Spring was in the air.

I could feel it.

Standing at my bedroom window, I stared at the tree in our neighbour's garden. Green buds covered the branches. The grass in their yard seemed greener. Flowers looked like they were ready to bloom. The sun was starting to warm up.

Winter was on its way out, taking with it the bitter mornings and chilly winds.

Although it still wasn't quite warm enough to go outside without a hoodie, it was warm enough to leave a coat at home.

Sighing, I rested my forearms against the window ledge and my head against the window, and thought about studying.

Thought about it.

Finals were starting next week, so I had to do more than think about studying.

I actually had to do it.

But, I didn't feel like it.

All I could think of was Asher.

Would he be sitting finals this week?

Would he be studying right now?

Despite how great my friends were, I still felt lonely.

I hadn't realised just how much Asher filled my life until he wasn't there any more.

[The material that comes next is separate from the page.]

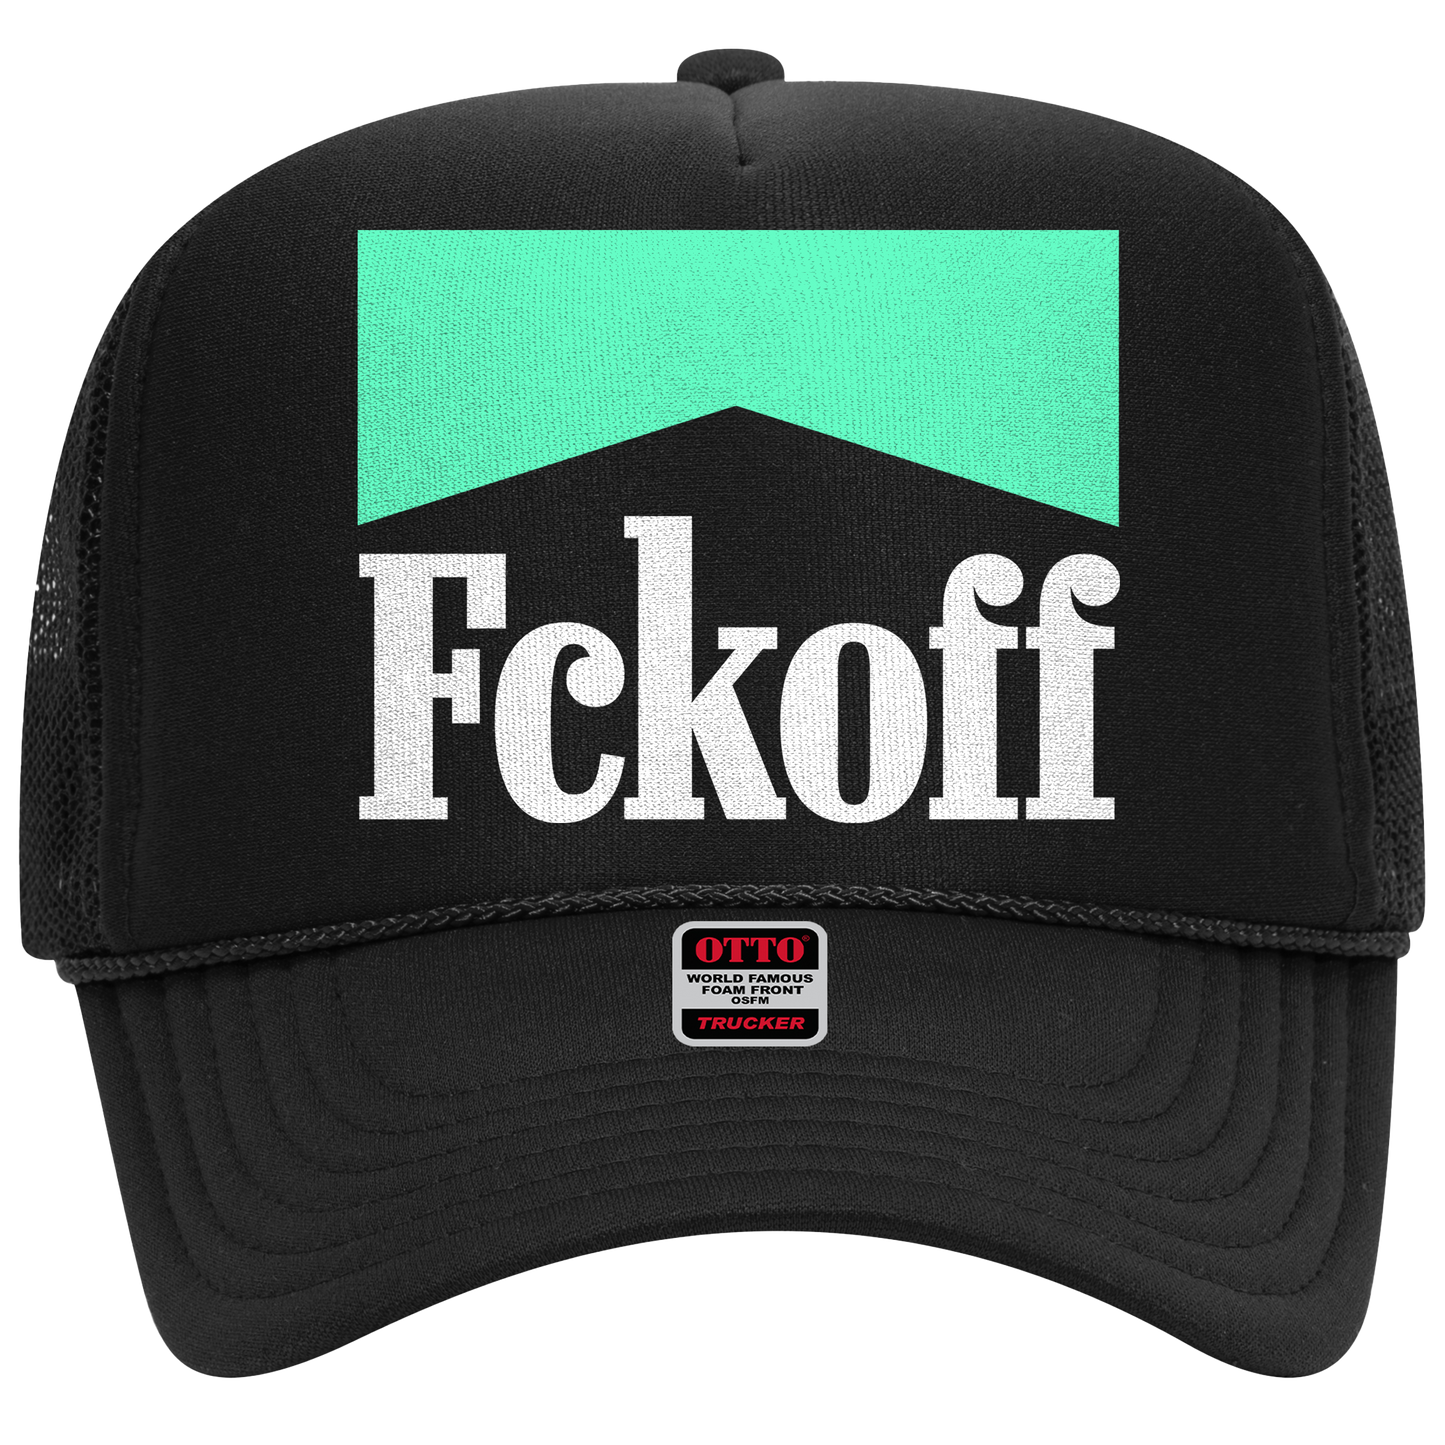 FCKOFF x Marb. Trucker Hat (Black)
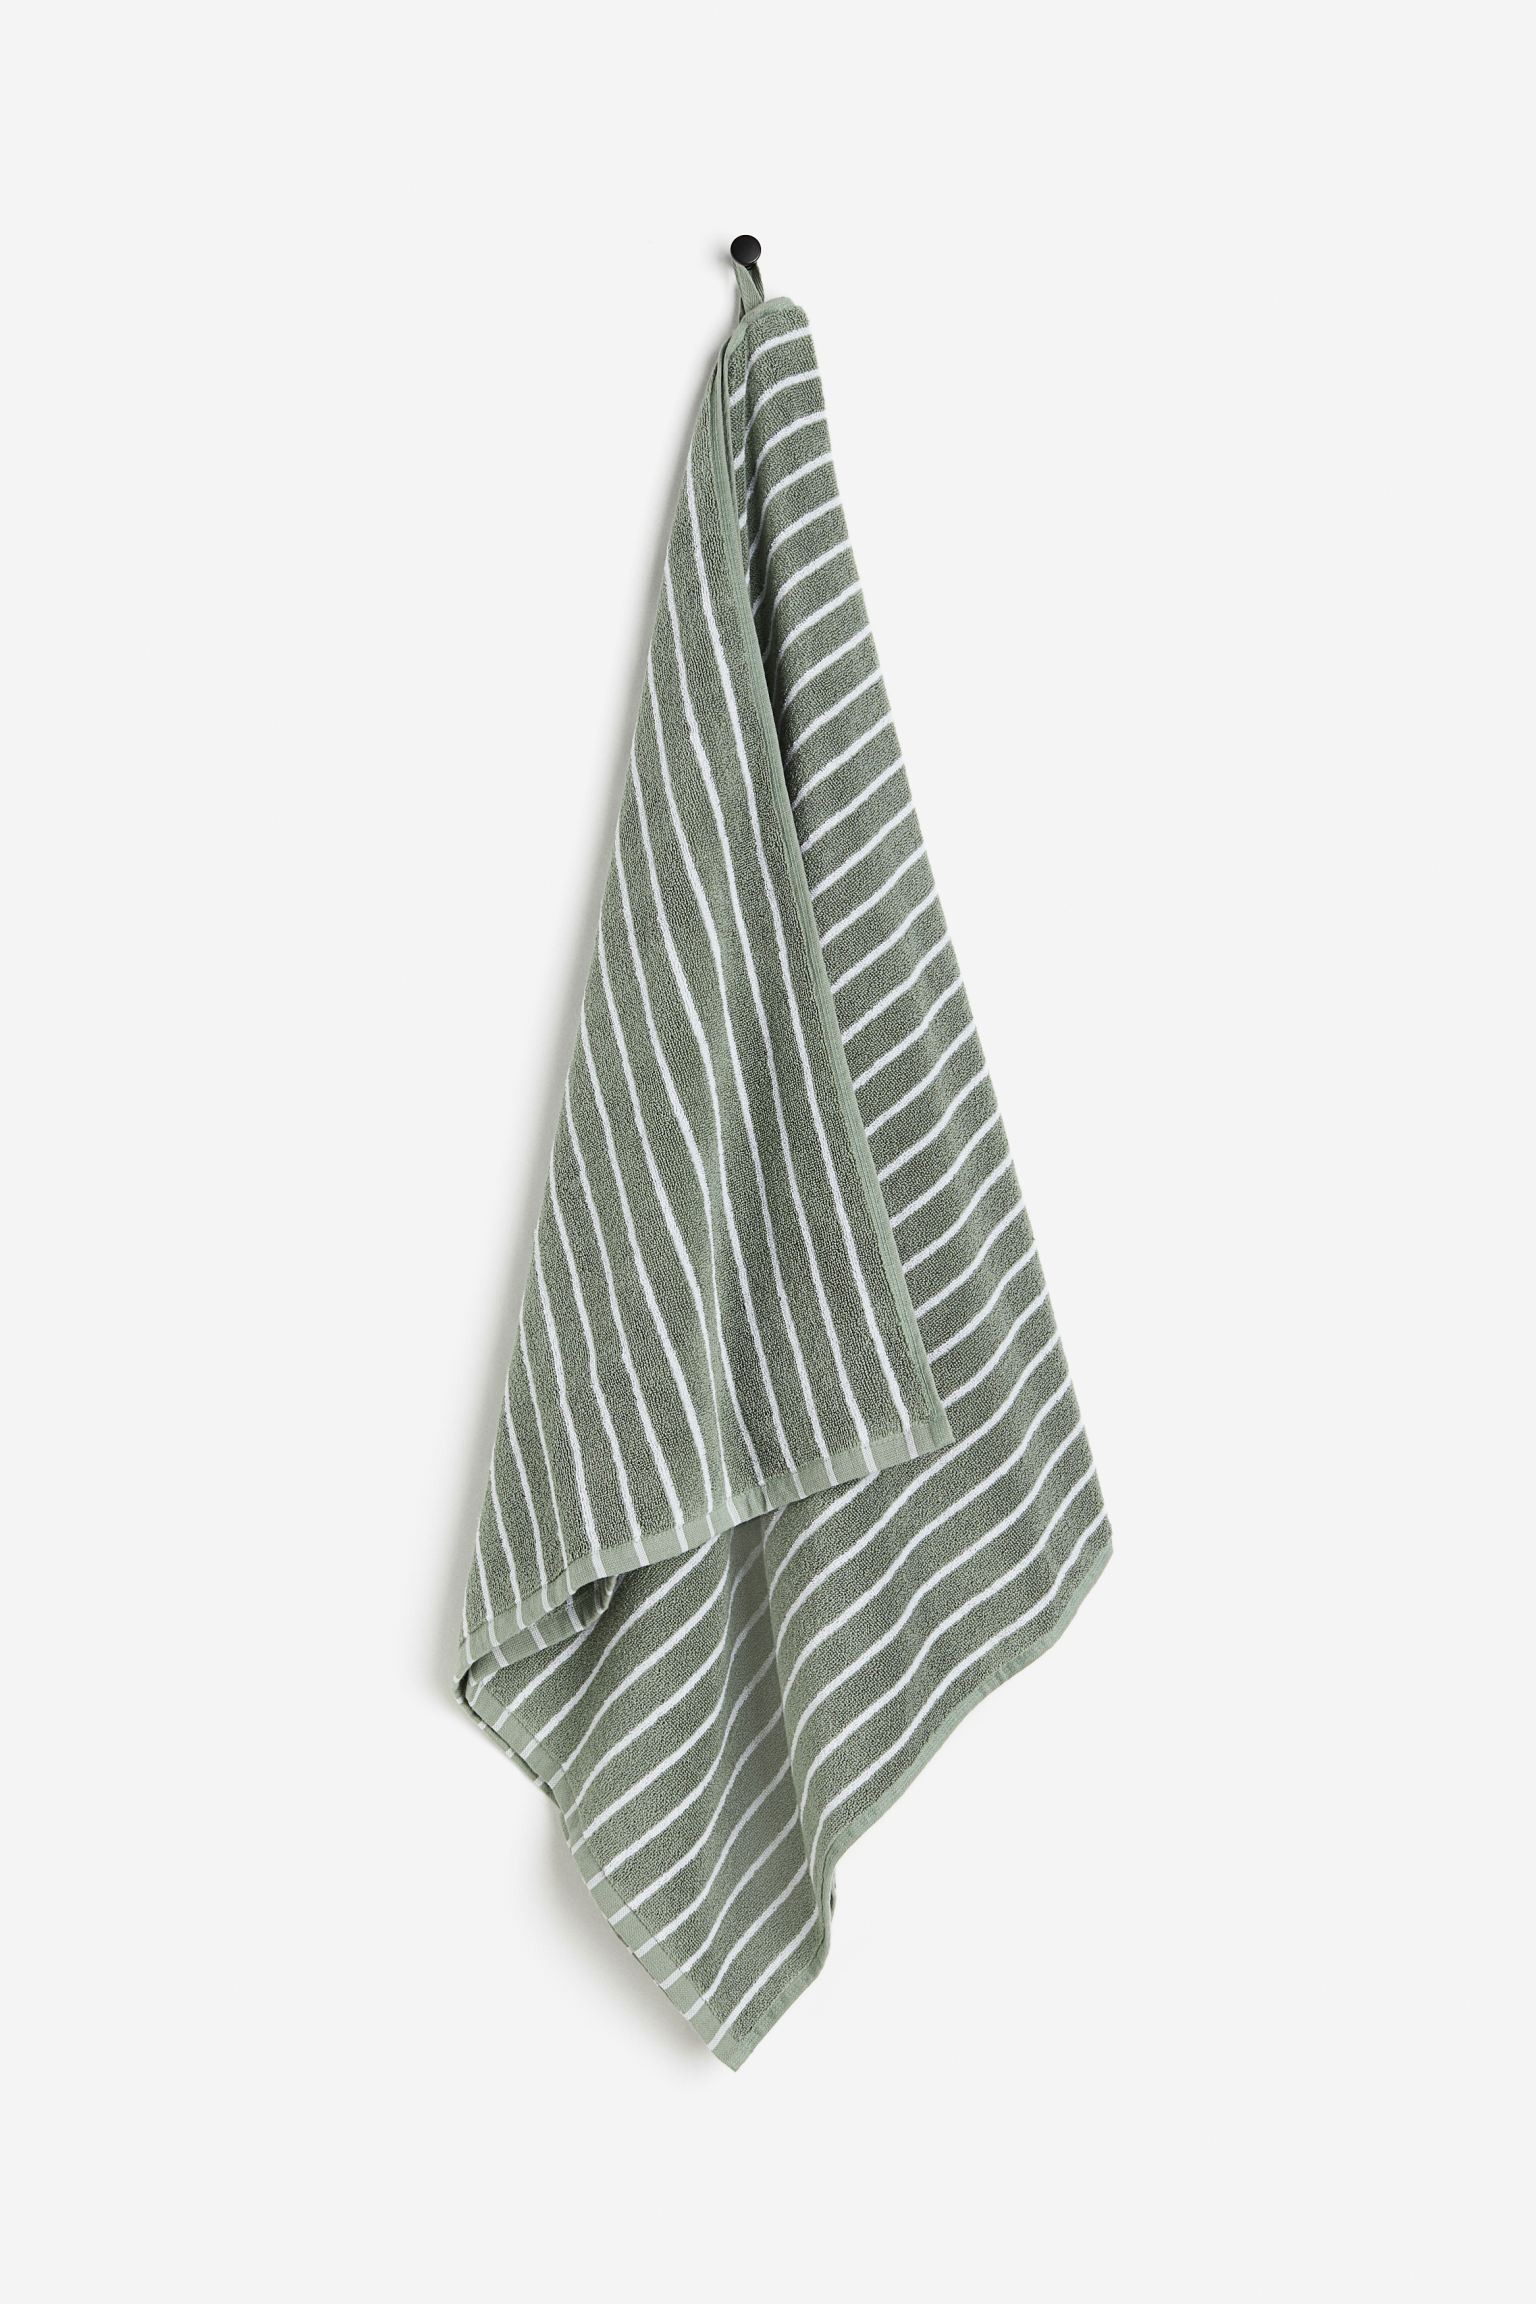 H&M Home Банний рушник в смужки, Шавлія зелена/смугаста, 70x140 1177356001 | 1177356001

He'd filled my thoughts. My bed. He'd had my full attention, even when we were in a crowd. My eyes would always be on him, seek him out.

And now ...

Screwing my eyes shut, I gritted my teeth.

When would I see him?

Would I ever see him again?

I mean, was he even okay?

I wanted to see him. I wanted to talk to him. I wanted to touch him.

Did he get offered a place at the college in Florida?

I did.

And I'd accepted.

Should I look for accommodation for just myself? Or do I include him?

Did he still want to be with me?

Did he still want me?

I sighed wearily. I was tired.

Tired of asking the same questions.

Tired of missing Asher.

Tired of school.

Just ... tired of everything.

I wanted things to be how they were before.

Before Sofia got involved.

Before Asher was ripped out of my life.

Before ...

My phone started to ring.

Walking to my bed, I grabbed my phone and flopped down on it.

Glancing down, I frowned at the caller.

Nick.

What did he want?

"Hello?" I answered his call.

"Hey, Oliver. How you doing?" Nick's voice was loud and happy, like he was pleased to talk to me.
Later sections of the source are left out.